◆ HOW TO COMPLETE THIS TASK ◆
With the pictures left out, return exactly the lines from the one containing "покемоны объединяют чаризарда" through the end of the listing below.

◆ SOURCE MATERIAL ◆
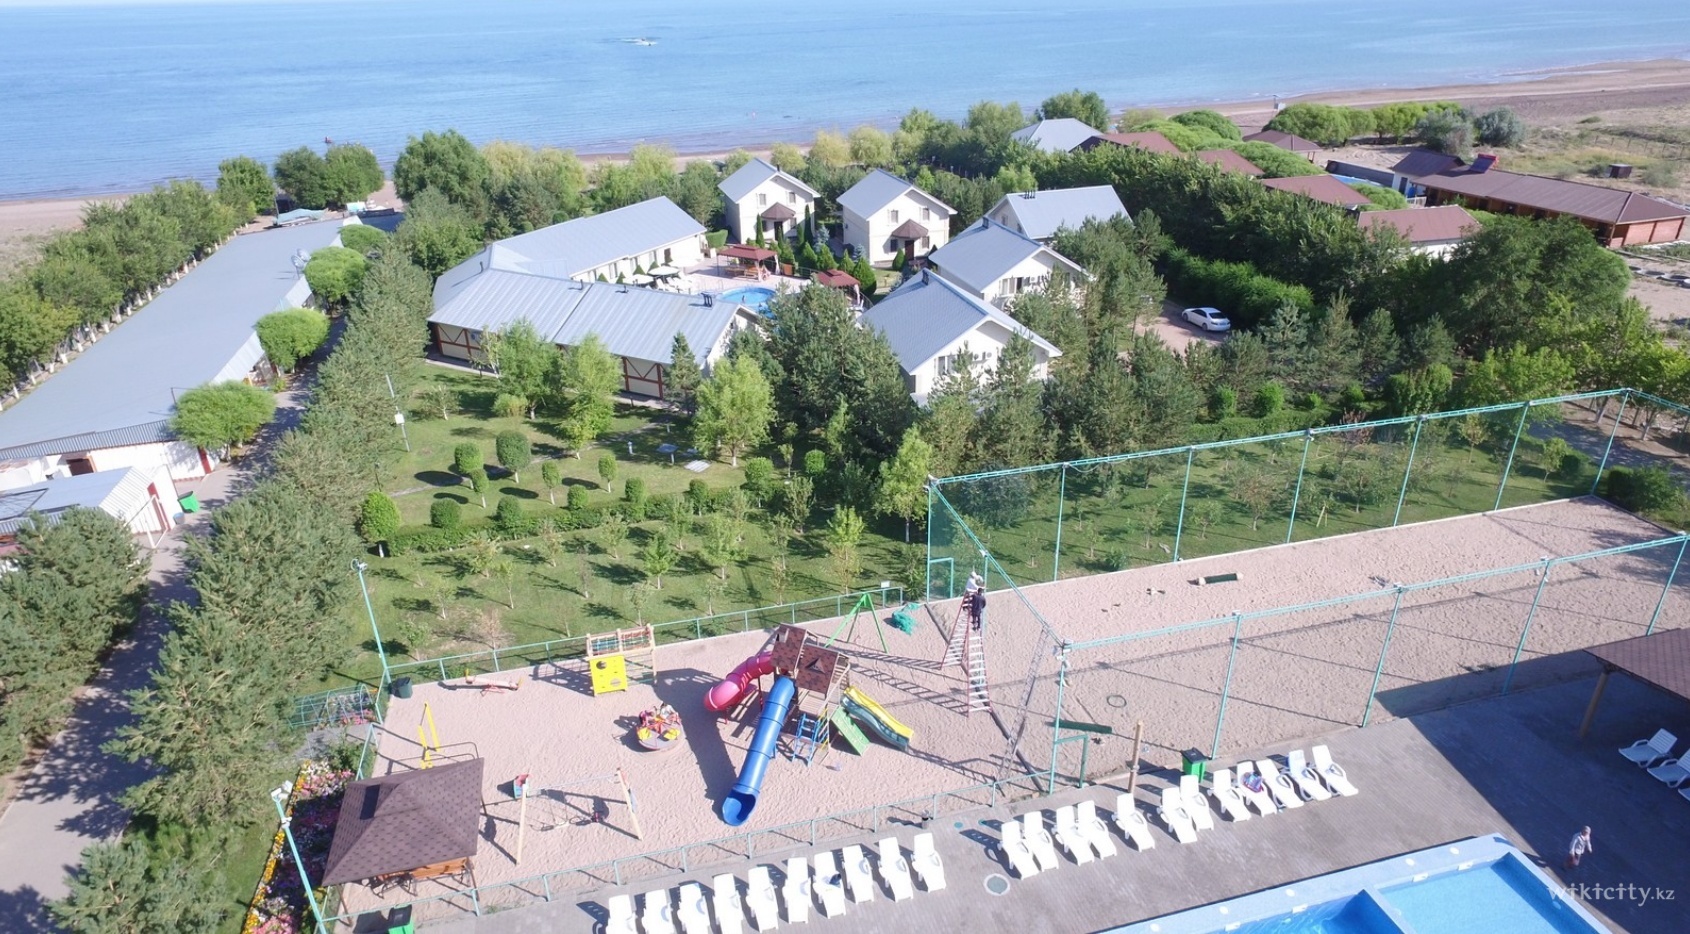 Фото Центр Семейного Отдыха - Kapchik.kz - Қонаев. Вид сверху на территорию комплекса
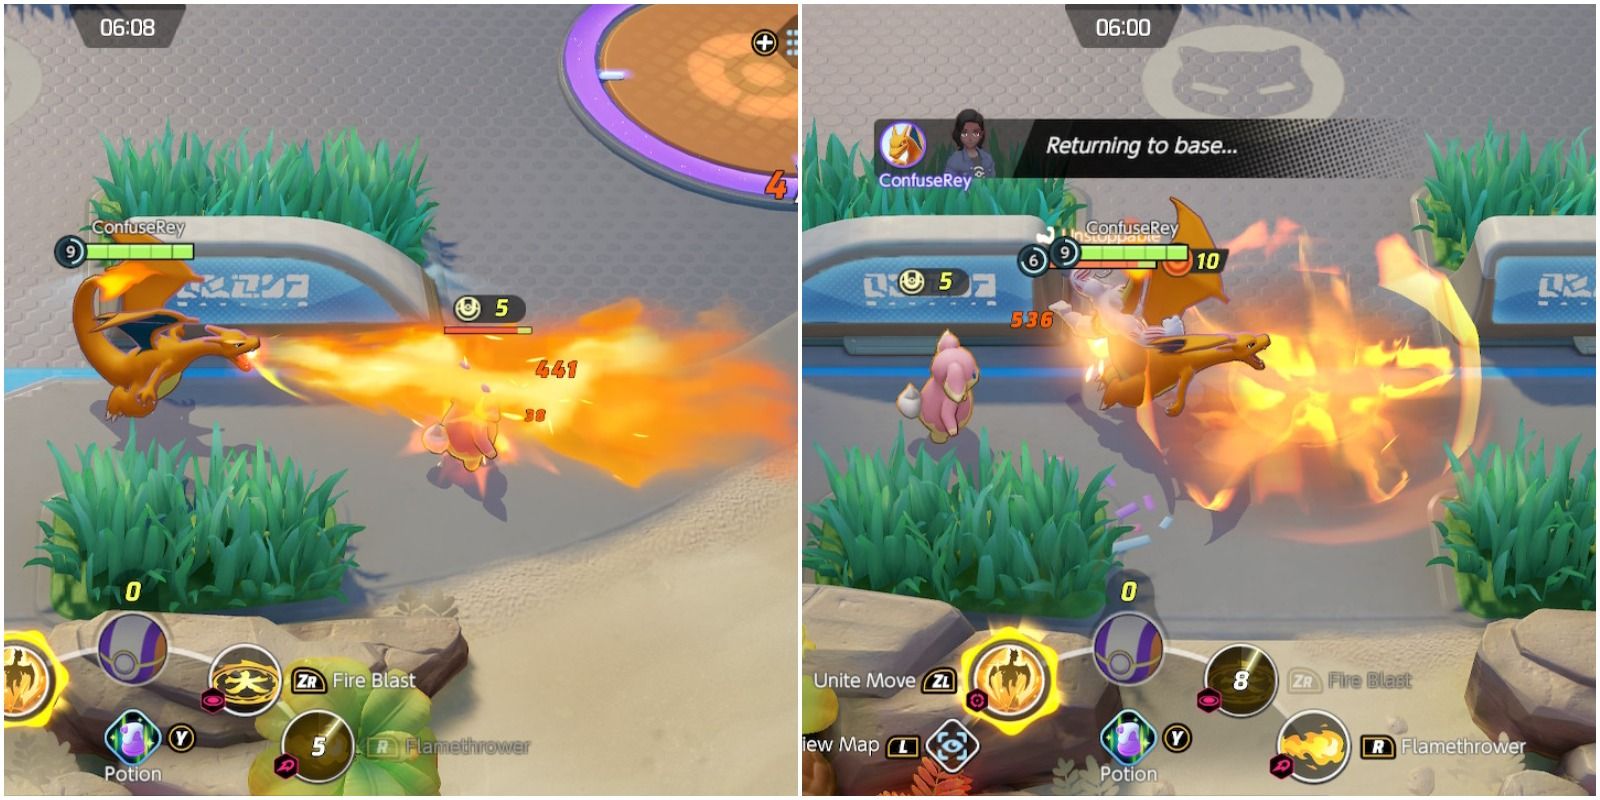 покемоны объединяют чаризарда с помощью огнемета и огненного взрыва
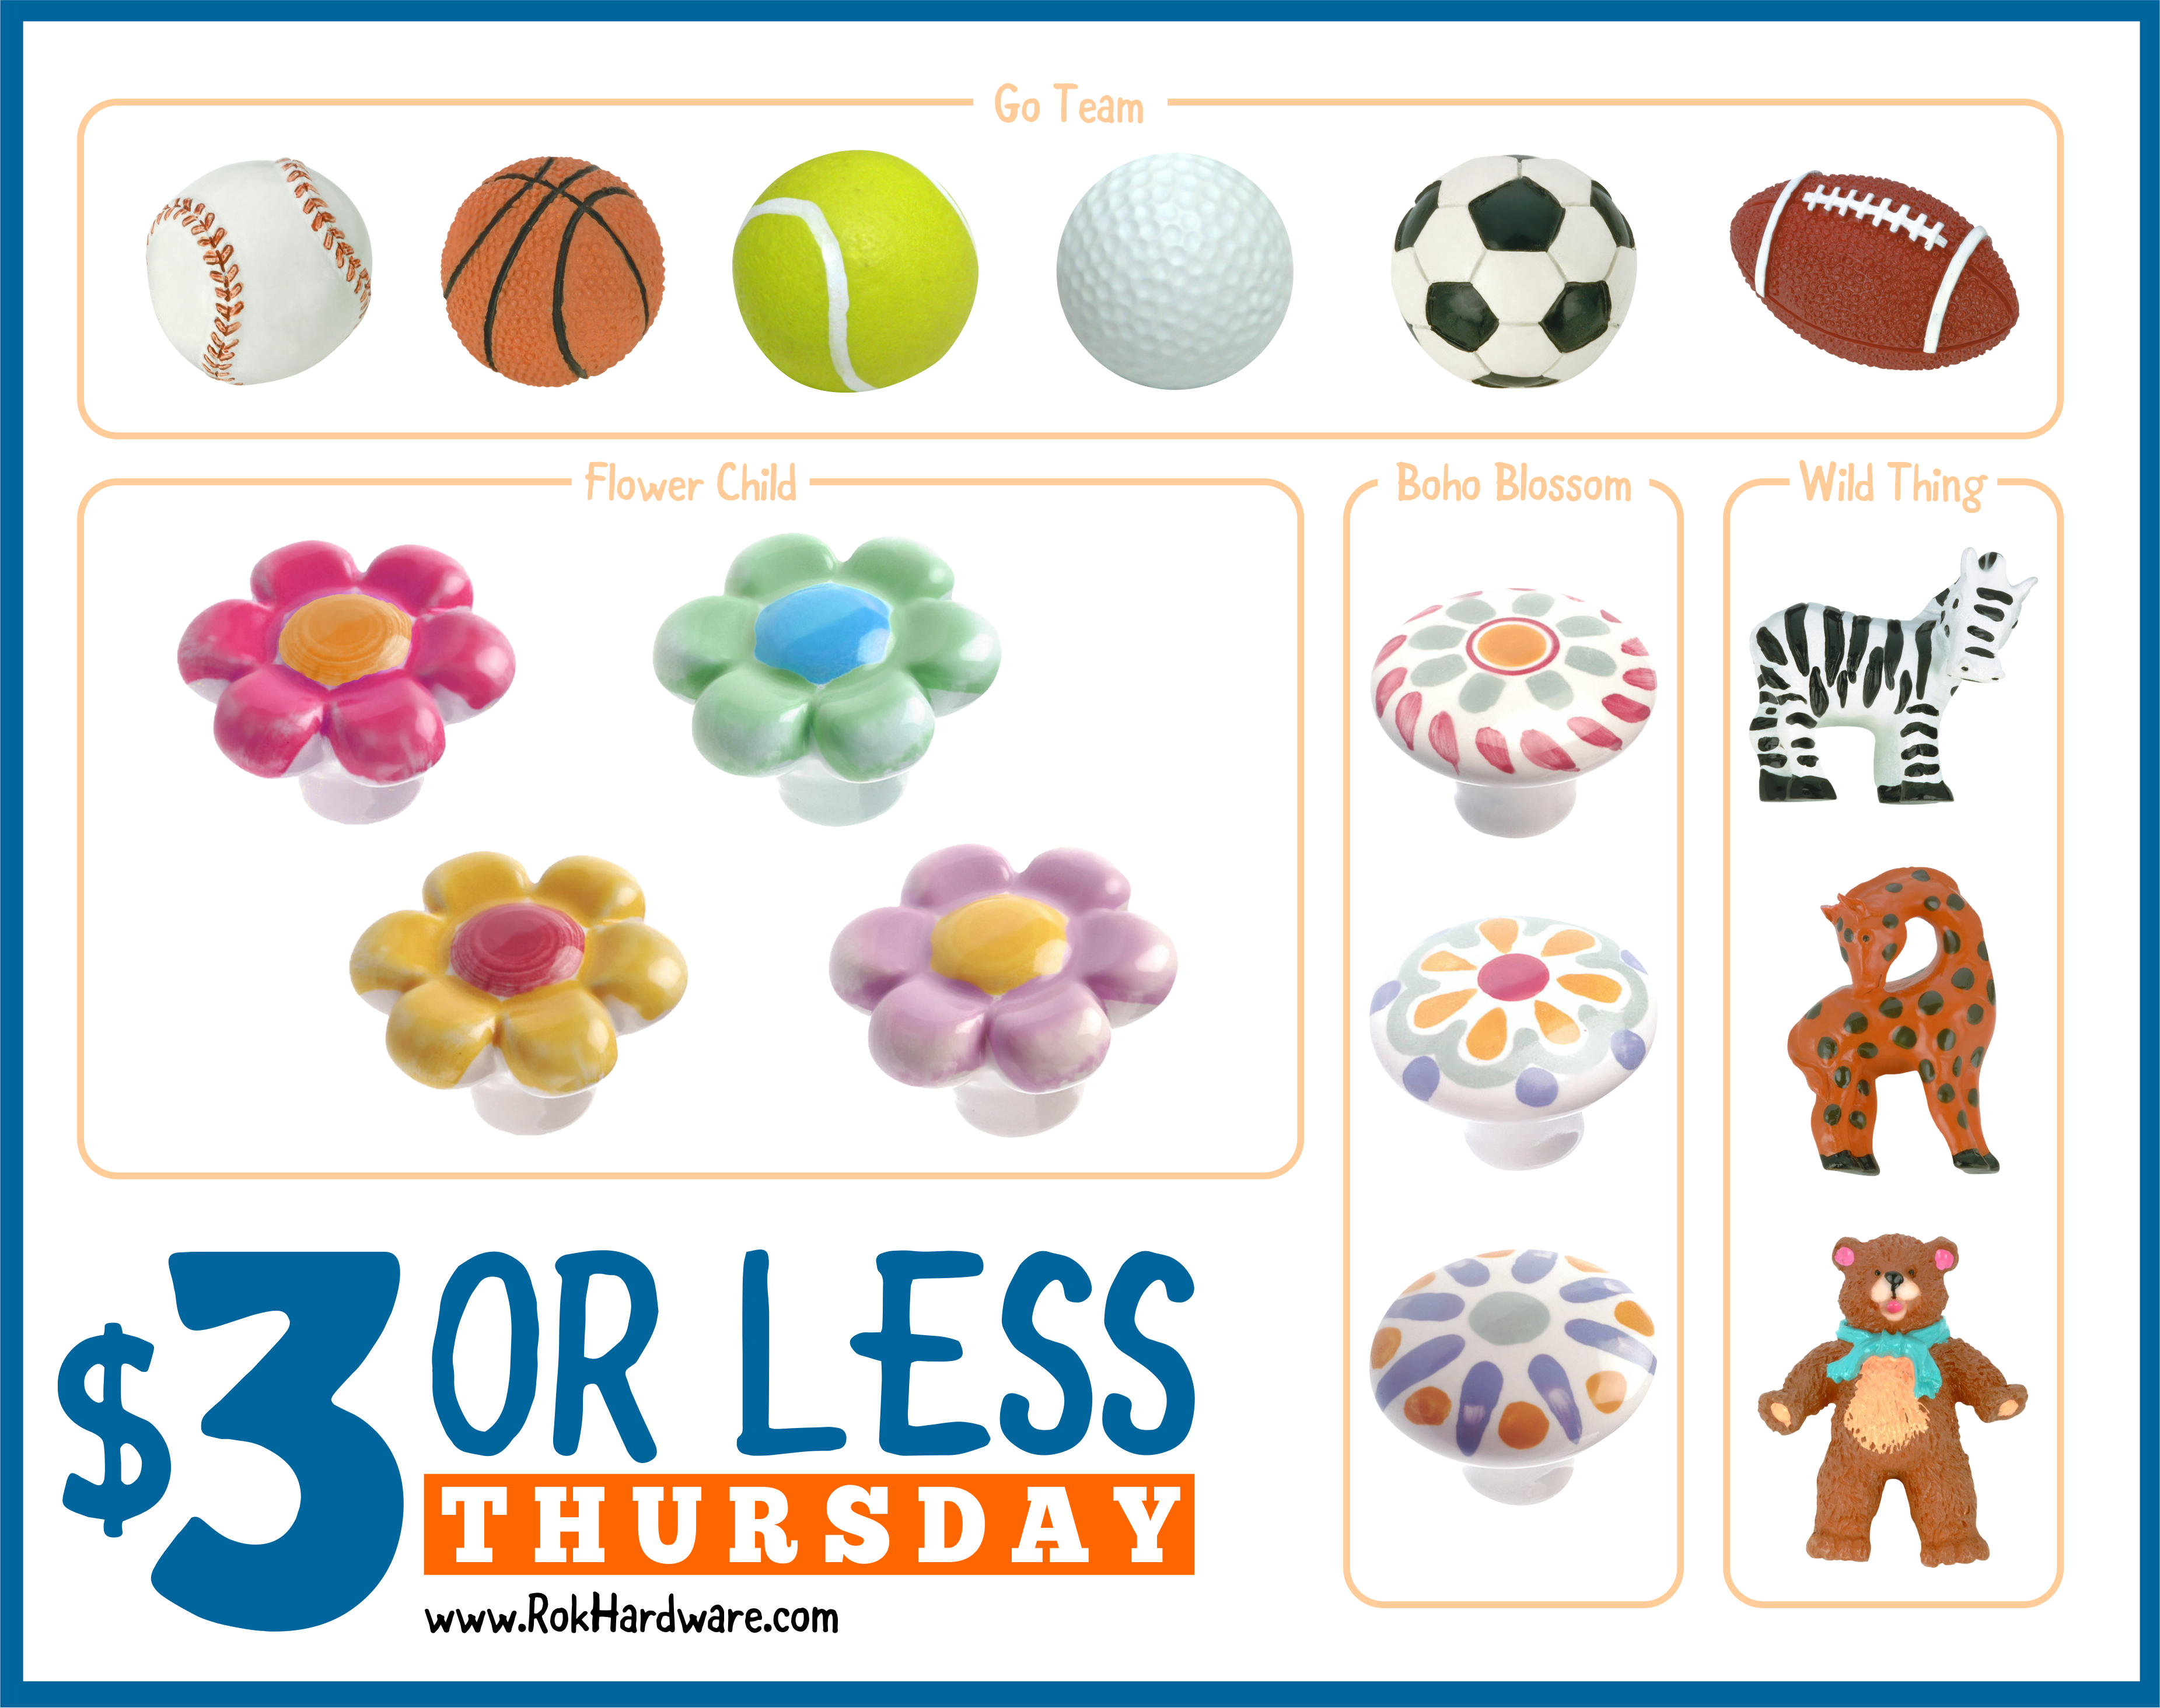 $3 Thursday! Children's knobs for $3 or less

◆ SOLUTION FOR THIS PROBLEM ◆
 покемоны объединяют чаризарда с помощью огнемета и огненного взрыва
 $3 Thursday! Children's knobs for $3 or less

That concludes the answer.